Look at Derek Jeter's results for 1995, we see that he only went to bat 48 times. David Justice went to bat in the same year 411 times. To more accurately compare Derek to David, we should scale up (normalize) Derek's hits so that they have the same number of at-bats. (How many hits would we expect Derek to get if he'd been at bat the same number of times as David?)

 Derek batted 12/48, which is 0.250. If we assumed he continued at exactly that skill level, had he gone to bat 411 times, then we would expect him, to have hit 0.250 × 411 = 102.75 / 411 Similarly, in 1996, the opposite occurred, with David only being at bast 140 times, cf. the 582 times for Derek.

We can scale up David's ratio of 45/140 to what it would be if he had played 582 times. (45/140) × 582 = 187.07 / 582

Let's look at this effect on the data:

1995 1996 Combined
Derek Jeter (12/48) × 411 102.75/411 .250 183/582 183/582 .314 285.75/993 .288
David Justice 104/411 104/411 .253 (45/140) × 582 187.07/582 .321 291.07/993 .293

Now we can see that, after we've normalized the data and so each player has the same denominator, there is no vacillation of the result, and David has the higher average the entire time. A similar result would have been obtained in the Solitaire results were they scaled so that both of us had played the same number of games.

# Gender Bias?

One of the most famous real-life examples of Simpson's paradox occurred when the University of California, Berkeley was sued for bias against women who had applied for admission to graduate schools there. The admission figures for the fall of 1973 showed that men applying were more likely than women to be admitted, and the difference was "so large that it was unlikely to be due to chance".

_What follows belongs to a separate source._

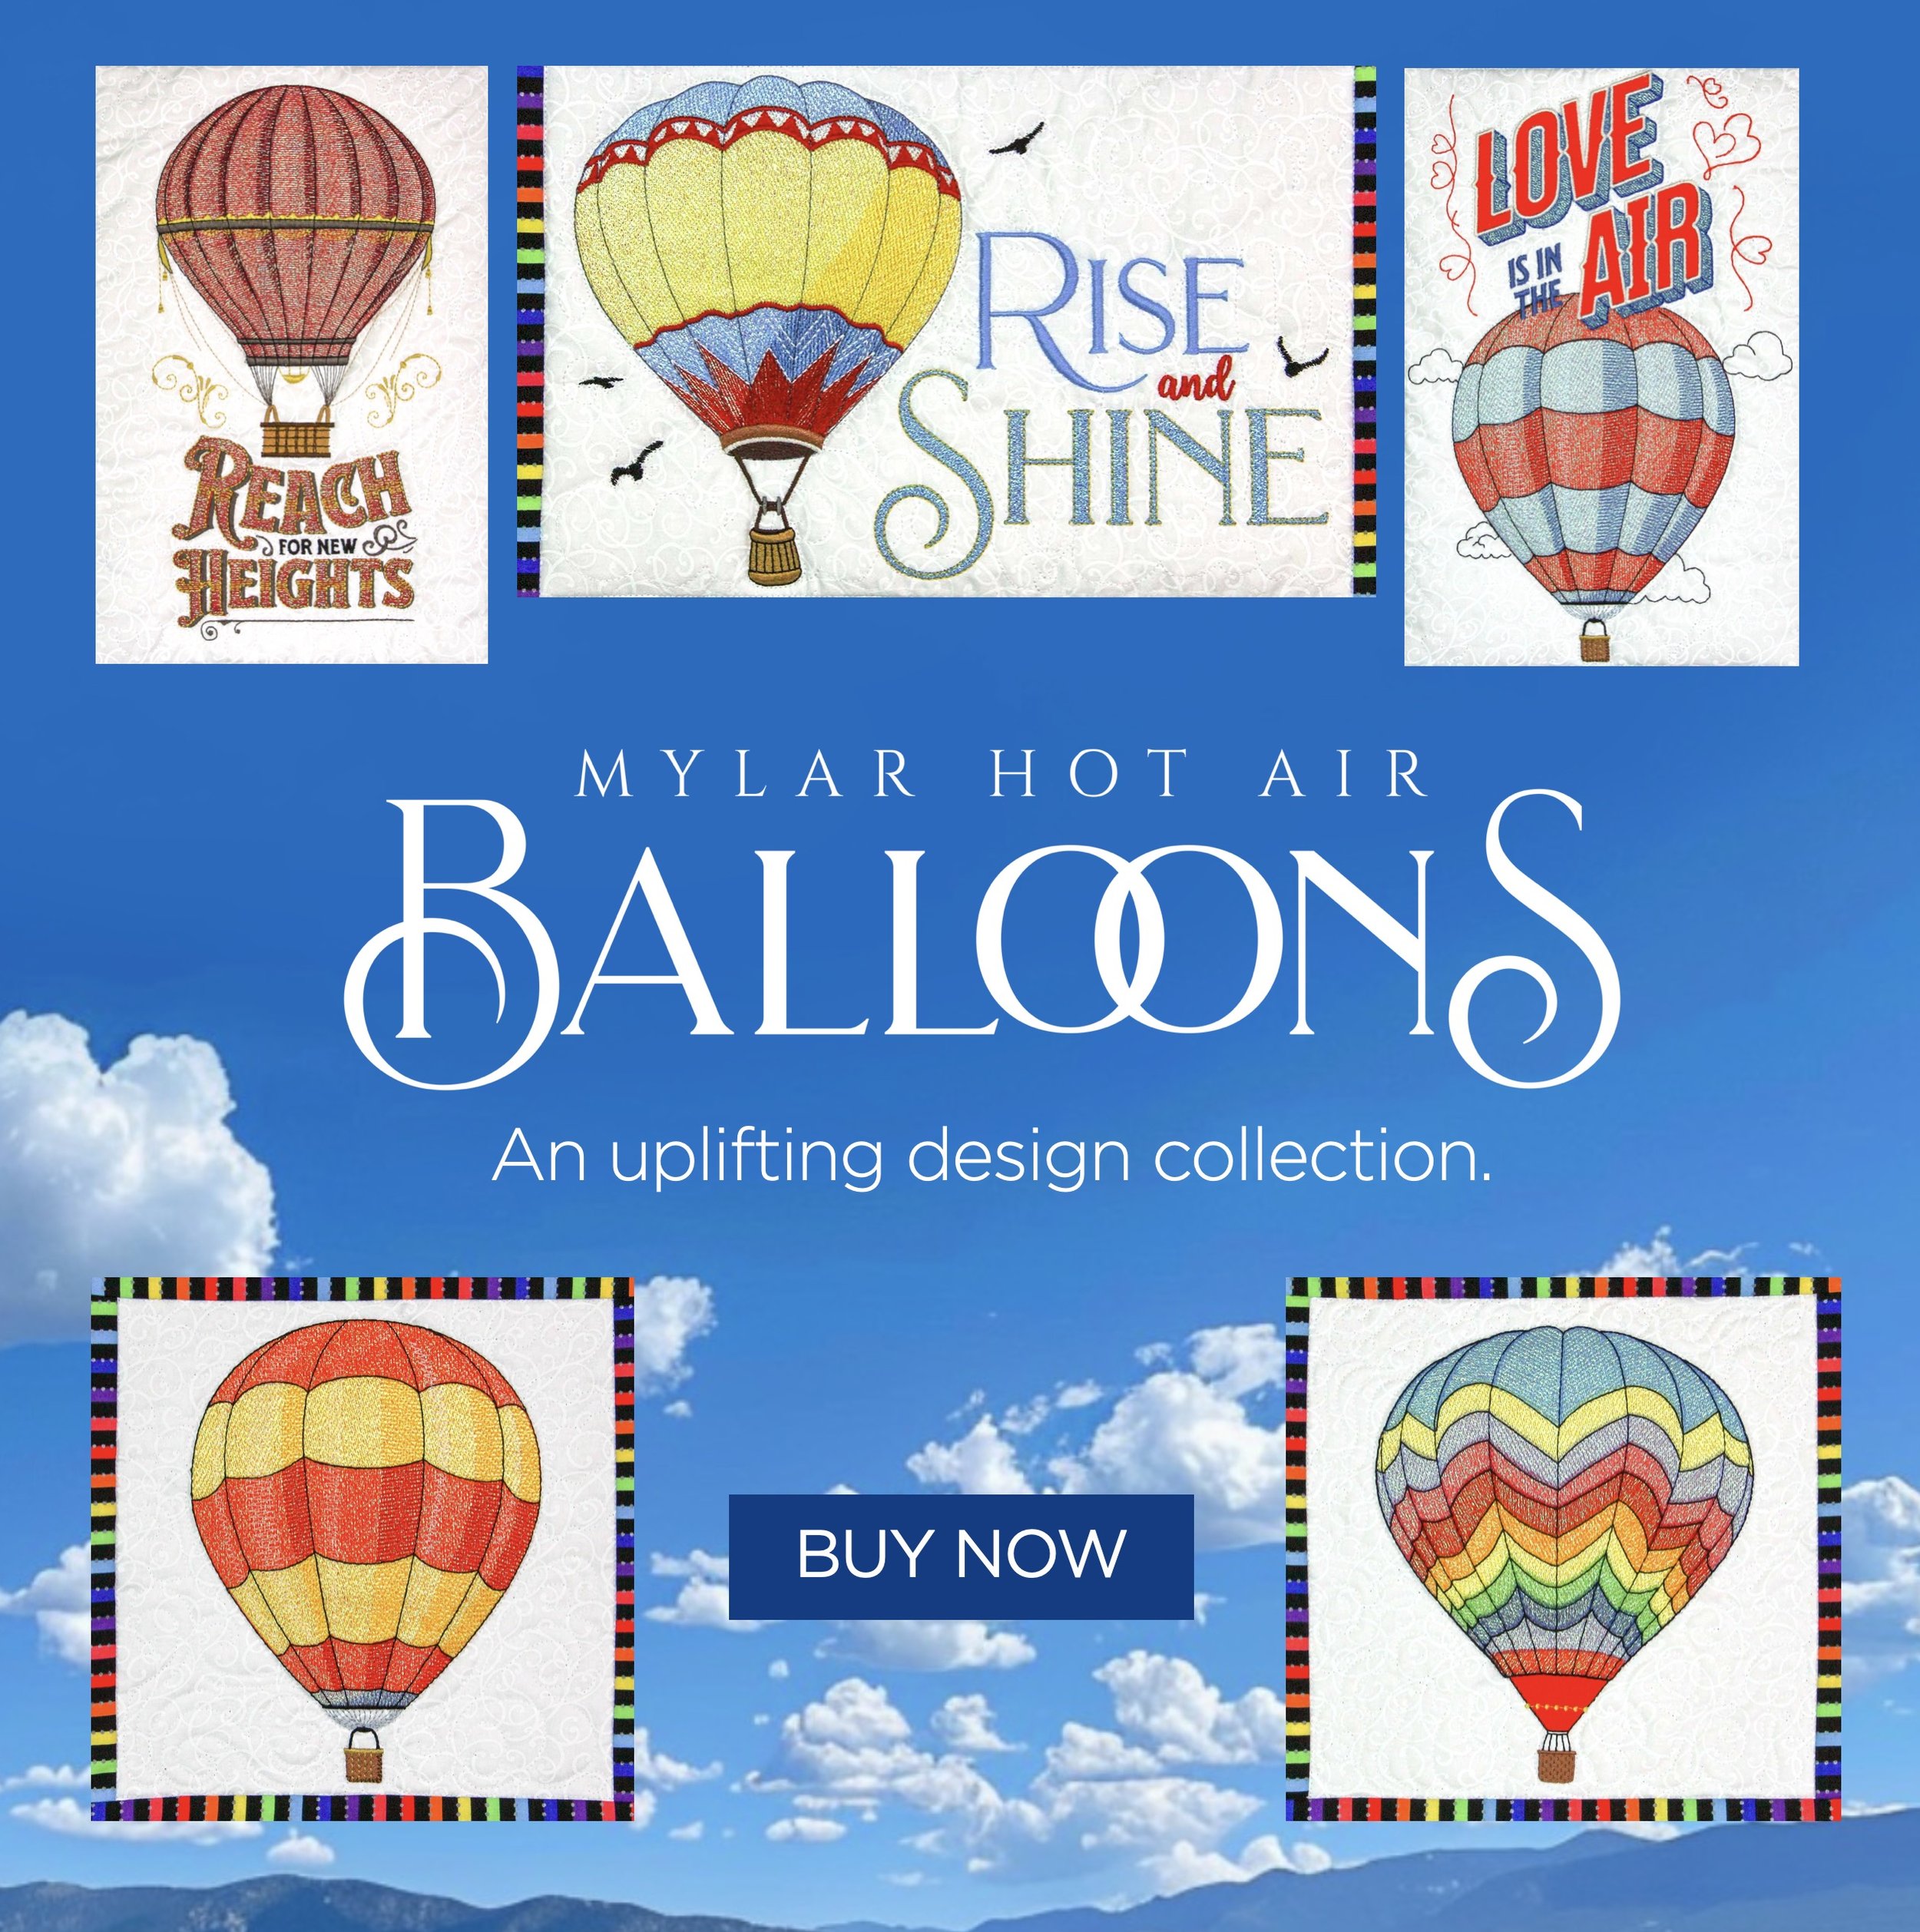 Mylar Hot Air Balloons

Here are the total figures. At first glance it does look pretty damning:

Men 8,442 44%
Women 4,321 35%

However, as we've learned, combining statistics with different denominators can lead to bogus interpretations.

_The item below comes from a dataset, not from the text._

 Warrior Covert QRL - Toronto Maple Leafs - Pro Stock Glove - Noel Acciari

In fact, when examining the individual departments, it can be seen that no department was significantly biased against women.

Of the six largest departments (listed below), there was evern a "small but statistically significant bias" in favour of women.

Department Men Women
A 825 62% 108 82%
B 560 63% 25 68%
C 325 37% 593 34%
D 417 33% 375 35%
E 191 28% 393 24%
F 373 6% 341 7%

A research paper into the issue concluded that women tended to apply to competitive departments with low rates of admission even among qualified applicants (such as in the English Department), whereas men tended to apply to less-competitive departments with high rates of admission among the qualified applicants (such as in engineering and chemistry).

So, the issue was not about Gender Bias. Sure, we still need to do a better job to encourage more women to apply (the number of total applicants were fewer for women), but it was not about a bias in the gender of those that applied.